USA Poker Sites
US Poker Sites
Online poker hasn’t been around for that many years, but it has already had a rather colorful history in the United States. In the early days of online poker, players from the United States played a huge role in the ever-expanding real money online poker market, comprising about half of this demographic at one point. Now, the once-plentiful amounts of USA poker sites has dwindled mightily after the amazing jumpstart it had back in 2003…
After a modestly successful start during the first few years of the availability of online poker, its popularity, especially with U.S. players, took a giant leap forward when fellow American and recreational player Chris Moneymaker won the WSOP Main Event in 2003, capping off a months-long journey that started after he won an online satellite at PokerStars. As fate would have it, Moneymaker’s win catapulted what many of us know now as the modern day “poker boom,” something that would continue on for years in not just the U.S., but also around the world.
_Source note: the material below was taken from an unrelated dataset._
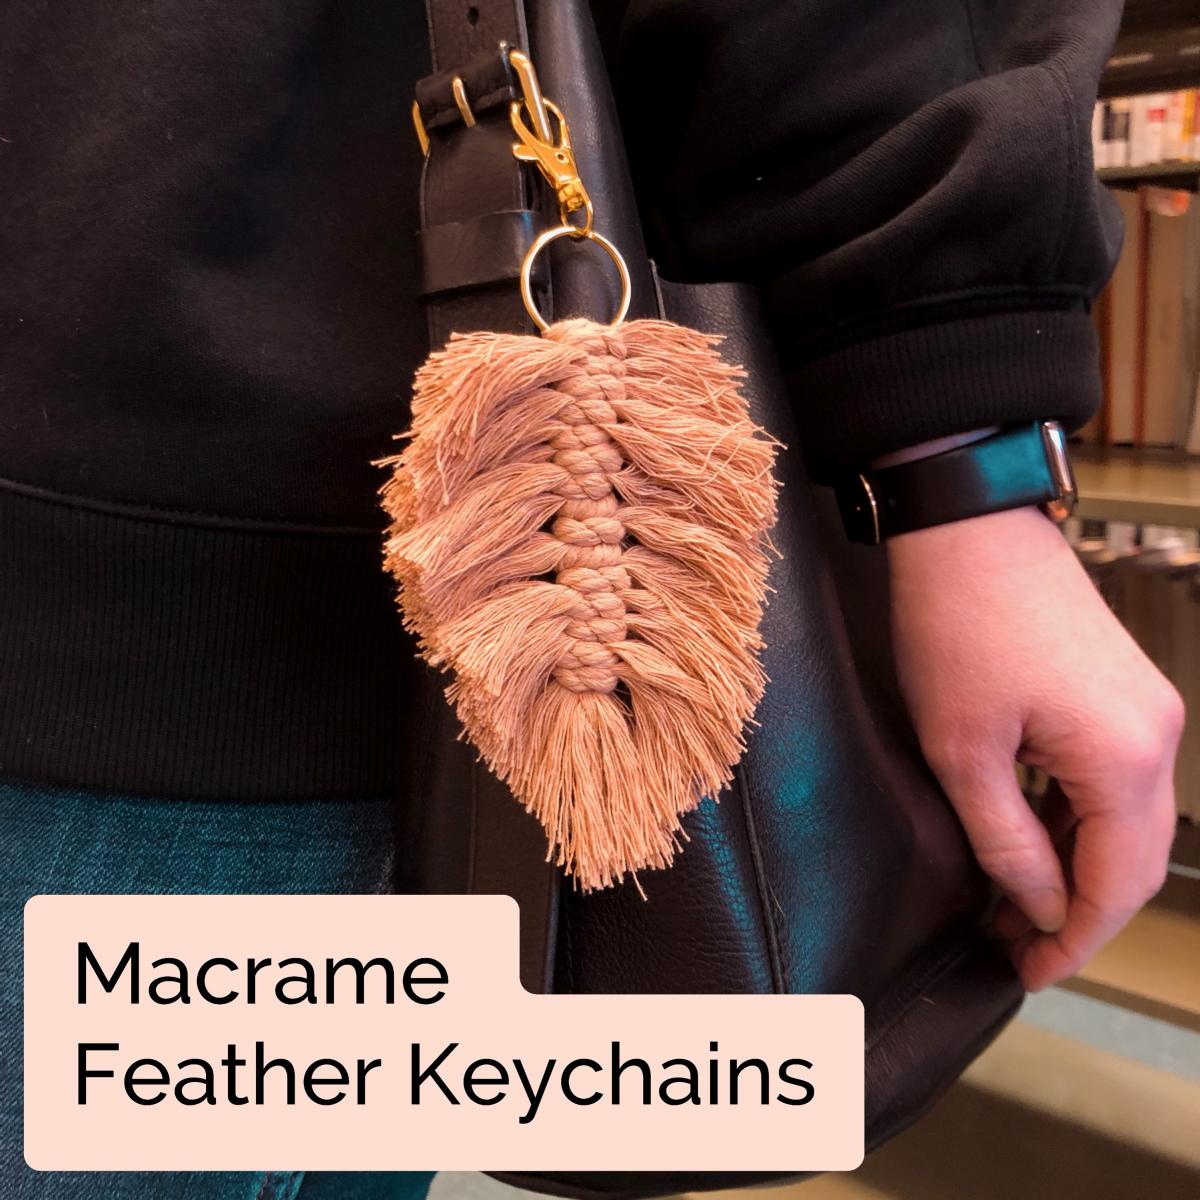 Craft Takeout Macrame Feather Keychains

The race to grab market share really began around that time, as sites like PokerStars, Full Tilt and Ultimate Bet really began establishing their presence in the United States. At one point, “the big 3” were raking in millions a month just from American customers, with other smaller sites coming out of the wood work to also get a little piece of the action.
Little did anyone know that at this particular time the U.S. government was already looking to take steps to curtail not just online poker, but online gambling (casinos, sports betting, etc) in general, going as far as “strong arming” iGaming safe havens like Antigua and Barbuda by imposing trade sanctions to punish them for allowing online poker to be regulated in their country.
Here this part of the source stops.